Filtering the top performing mid-caps for a forward P/E ratio below 15, price/cash flow under 10, earning per share growth this year above 20%, and a 20%-plus return on equity:
- GT Solar (SOLR) +78%: A silver lining in a cloudy sector.
- Domtar (UFS) +26%: I wrote about this, saying “Temple Inland Isn’t Alone,” but it's been flat since.
- ITT Educational Services (ESI) +23%
Top Developed Markets, YTD
Foreign market data from MSCI in local currency ... and your mileage may vary. Bespoke Group has Russia gaining 7.7%, while MSCI shows it barely above break-even.
- New Zealand +7.5%
- Ireland +7%: Started the year in the gutter.
- US +5.2%: Best-performing market that matters.
Worst Developed Markets, YTD
- Finland -16%: Alas, Nokia (NOK) is down 38% YTD.
- Greece -12.5%: One of the world’s most notable economic failures.
- Israel -12.4%: One of the world’s most noted economic successes.
Top Emerging Markets, YTD
- Hungary 6.2%: See “What Greece Can Learn from Hungary.”
- Indonesia 6.1%: See “Two Breakout Emerging Markets.”
- Czech Republic 5.9%
Worst Emerging Markets, YTD
- Peru -28.1%: Democracy is an itch.
- Egypt -24.2%: Ditto.
- India -9.2%: Ditto.
- Brazil -9.1%
Best Frontier Market, YTD
Ghana +35.1%: Praise be to offshore oil.
Worst Frontier Market, YTD
Bangladesh -26.4%: Onshore banking shenanigans, but it's been better lately.
Top ETFs, YTD (All unleveraged; ETF data from finviz.com as of Friday afternoon.)
- iShares Dow Jones US Healthcare Provider (IHF) 21%: See health insurers above.
- Biotech HOLDRs (BBH) 19%
- iShares MSCI Spain Index (EWP) 16.9%: Mostly because of gain by euro.
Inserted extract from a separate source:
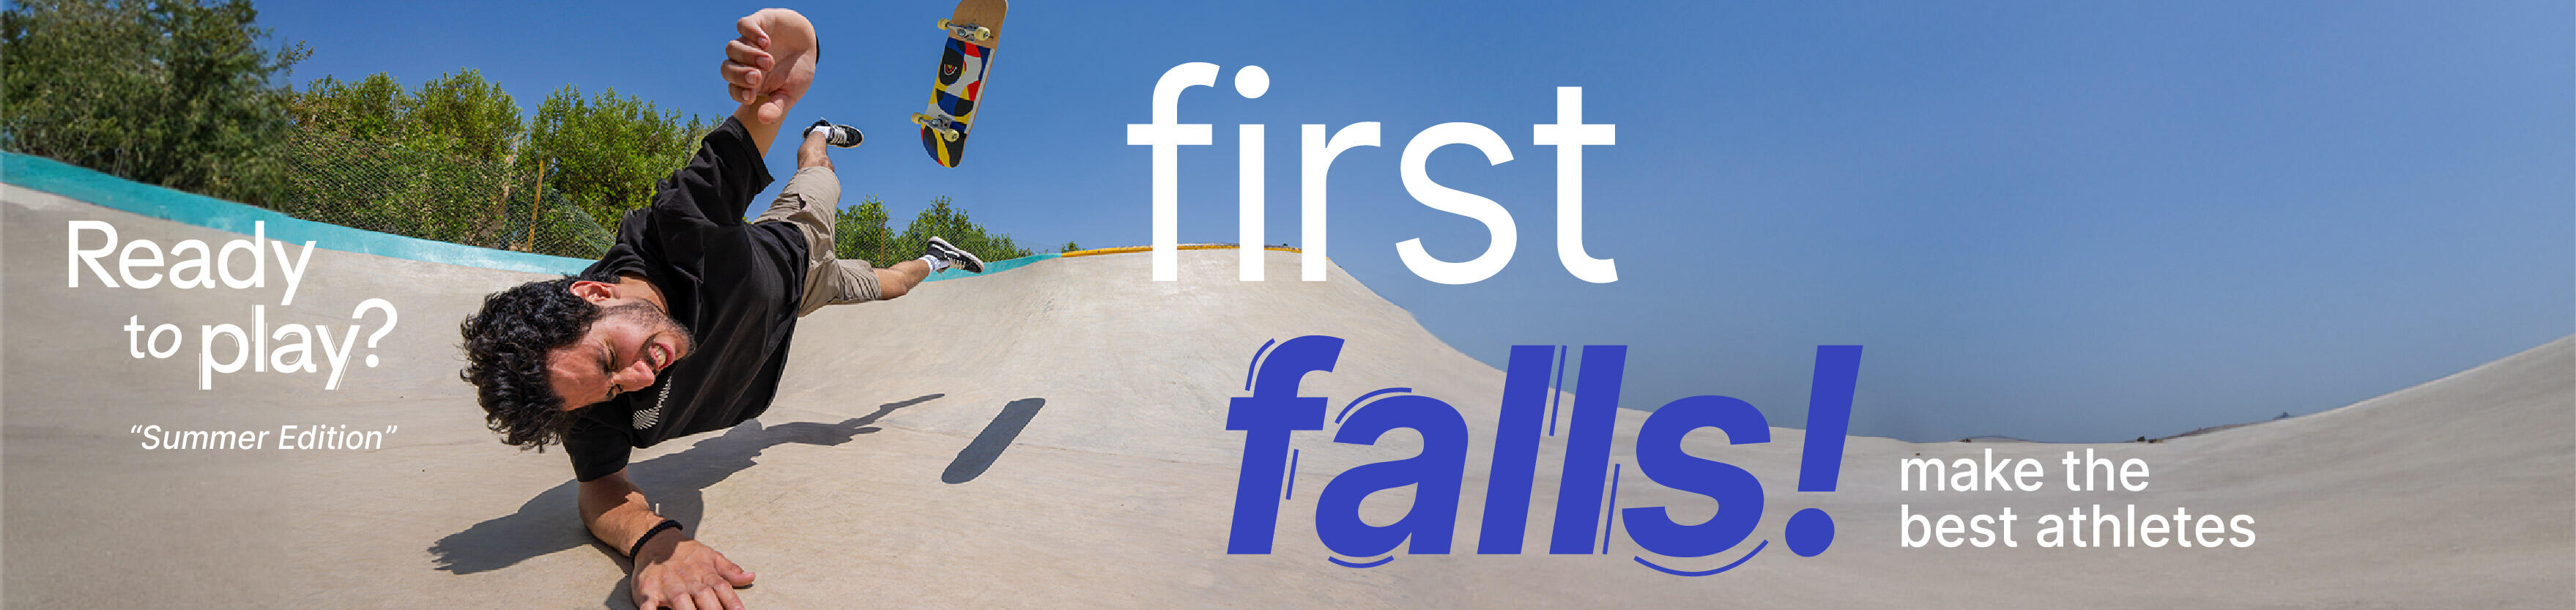 First falls skateboard

Worst ETFs, YTD (All unleveraged)
- iPath S&P 500 VIX Short-Term Futures ETN (VXX) -43.8%: Broken and pointless.
- iShares MSCI Peru (EPU) -24%
- Market Vectors Vietnam ETF (VNM) -20.3%: Licking US was easy. Whipping inflation is hard.
Top Commodities ETFs, YTD:
- United States Gasoline (UGA) +18.4%
- iShares Silver Trust (SLV) +12.1%: Had a hell of a ride, back in the day.
Worst Commodities ETFs, YTD
- iPath DJ-UBS Grains Subindex ETN (JJG) -13%: A big harvest is expected, and it better come in.
- United States Natural Gas Fund (UNG) -8%: Broken and pointless.
Top-Performing Industries, YTD (From Marketwatch.com, based on Dow Jones industry indices.)
Pipelines, consumer finance, tires, travel & tourism, healthcare providers.
I especially like Expedia (EXPE) in the travel group (see “Is Expedia a Buyout Candidate?”). It has since announced the spin-off of TripAdvisor, the best, stickiest travel planning site out there, and one that the more expensive Priceline (PCLN) has no answer to.
Worst-Performing Industries, YTD
Precious-metals miners, business trainers and recruiters, auto makers, mortgage finance, non-ferrous metals, airlines.